Reference : On the behaviour of shear stud connections in composite beams with deep decking
Dissertations and theses : Doctoral thesis
Engineering, computing & technology : Civil engineering
http://hdl.handle.net/10993/24468
On the behaviour of shear stud connections in composite beams with deep decking
English
Nellinger, Sebastian mailto [University of Luxembourg > Faculty of Science, Technology and Communication (FSTC) > Engineering Research Unit >]
13-Nov-2015
University of Luxembourg, ​Luxembourg, ​​Luxembourg
Docteur en Sciences de l'Ingénieur
248
Odenbreit, Christoph mailto
Schäfer, Markus mailto
Obiala, Renata mailto
Lungershausen, Henning
Lawson, Robert Mark
[en] shear stud ; deep decking ; failure modes ; mechanical model ; transverse loading
[en] Steel-concrete composite construction has many advantages for the construction of multistorey buildings. The use of composite beams acting compositely with the floor slab achieves longer spans and reduces the weight of the beams. The weight reduction can be further improved by replacing the solid concrete slab with a steel-concrete composite slab using steel decking.
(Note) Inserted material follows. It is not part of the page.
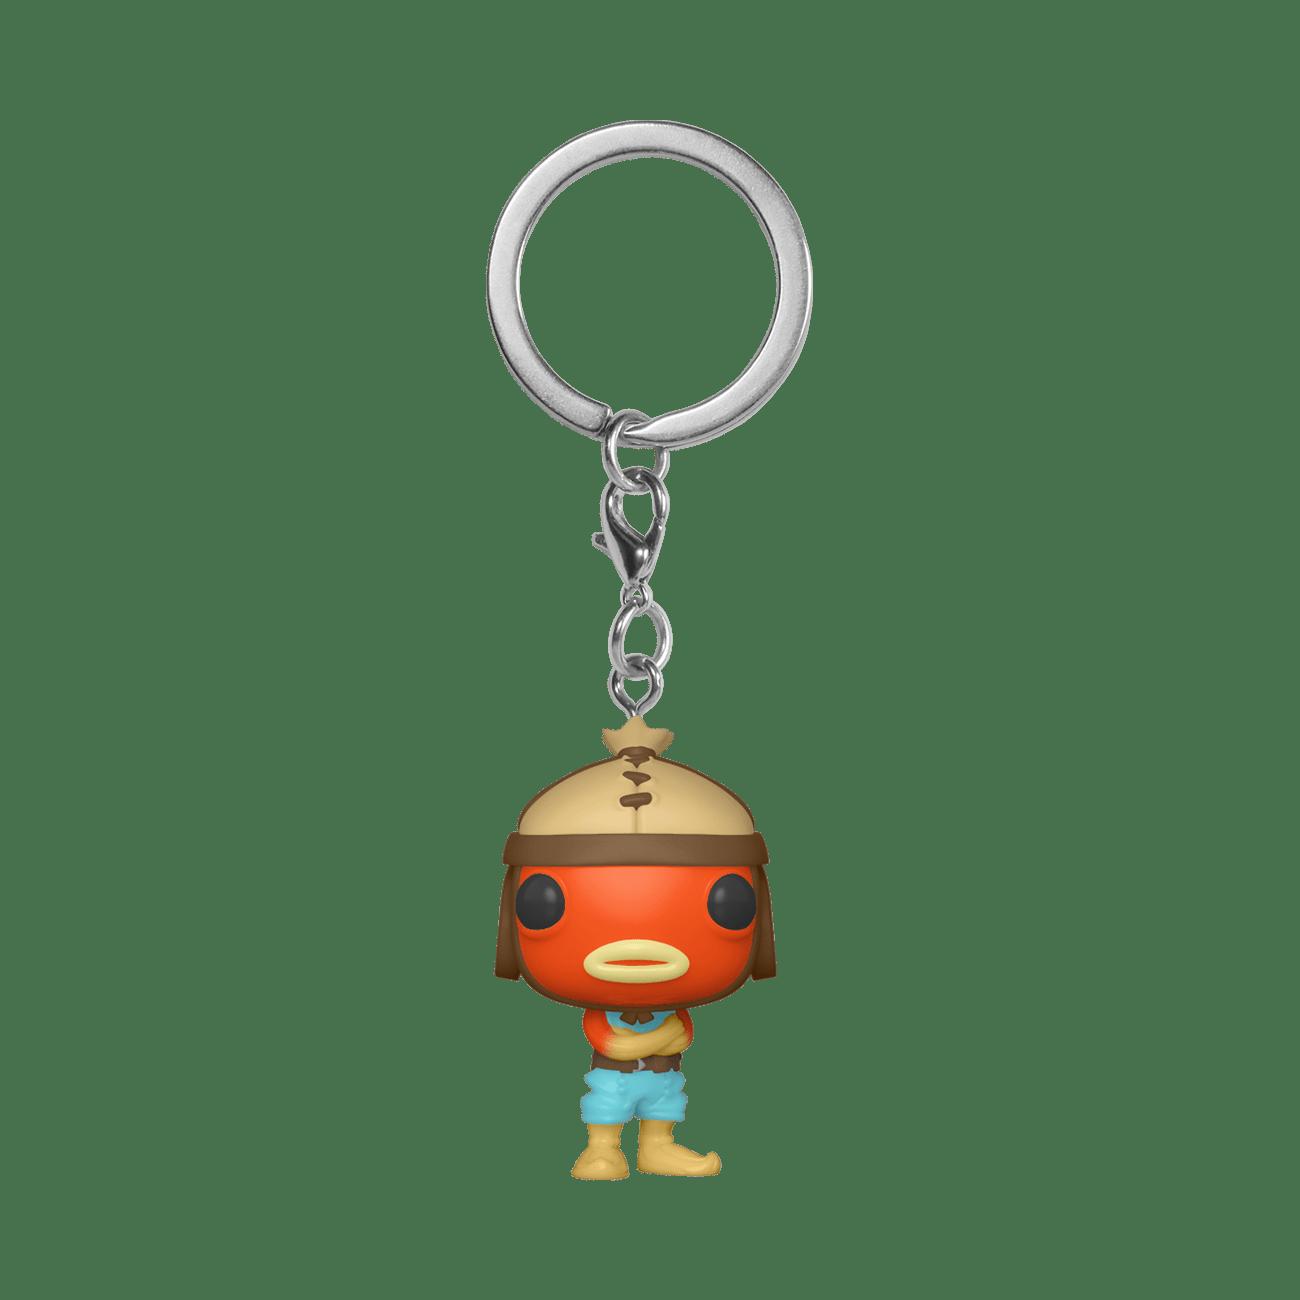 POP! Fortnite: Fishstick Keychain

However, using composite slabs reduces the shear forces that are transferred between the slab and the beam. This is because the number of studs in the span is limited by the deck geometry. In addition, the load-bearing behaviour of studs in the ribs of composite slabs is different to studs in solid slabs and shows typically a reduced resistance per stud.
Currently, [DIN EN 1994-1-1, 2010] applies an empirical reduction factor to the resistance of studs in solid slabs to analyse the resistance of studs in the ribs of composite slabs. A comparison to push-out test results shows that this formulae results in an unsatisfactory correlation. Furthermore, the reduction factor is unsafe in many cases with modern decking. The latest empirical reduction factors in [Konrad, 2011] are currently discussed as alternative to the rules of [DIN EN 1994-1-1, 2010]. They show a significantly improved correlation to test results and an increased field of application. A significantly higher correlation to test results is obtained with the mechanical model by [Lungershausen, 1988]. Because of the restrictive field of application and missing parameters, like the concrete strength, it is not discussed as replacement for the reduction factors.
A newly conducted series of push-out tests with modern deep steel decking shows the insufficiency of the presented analysis methods of the stud shear resistance, as the predictions were in general non-conservative. Furthermore, depending on the geometry of the shear connection, a new failure mode was observed: Rib pry-out failure. Investigation on concentric and eccentric transverse loading of push-out specimens, to consider the loading conditions of a real slab, show in general beneficial influences on the load-slip behaviour.
Based on the behaviour of the studs in push-out tests, equations for the shear connector resistance based on the failure modes are developed. A combined bending failure of the shear stud and the concrete rib is assumed. The observed failure modes in the tests are considered by different yield-lines of the shear stud. The shear resistance of the pure stud gives the upper bound for the shear connector resistance. The new equations show a good correlation to test results and are safe for modern types of steel decking. In comparison to [DIN EN 1994-1-1, 2010], the field of application is extended by the stud position, as in [Konrad, 2011], and deeper decking, as in [Lungershausen, 1988].
The analysis of the bending resistance of two accompanying beam tests confirms the accuracy of the new shear stud resistance. The beam tests have very low degrees of shear connection. The end-slip at ultimate load exceeds the limiting slip of 6mm, but at 95% of ultimate load the limiting slip is satisfied.
A numerical model for composite beams is verified against the test results. The model considers the shear studs as non-linear springs. A simplified load-displacement curve is presented and verified against real load-slip curves.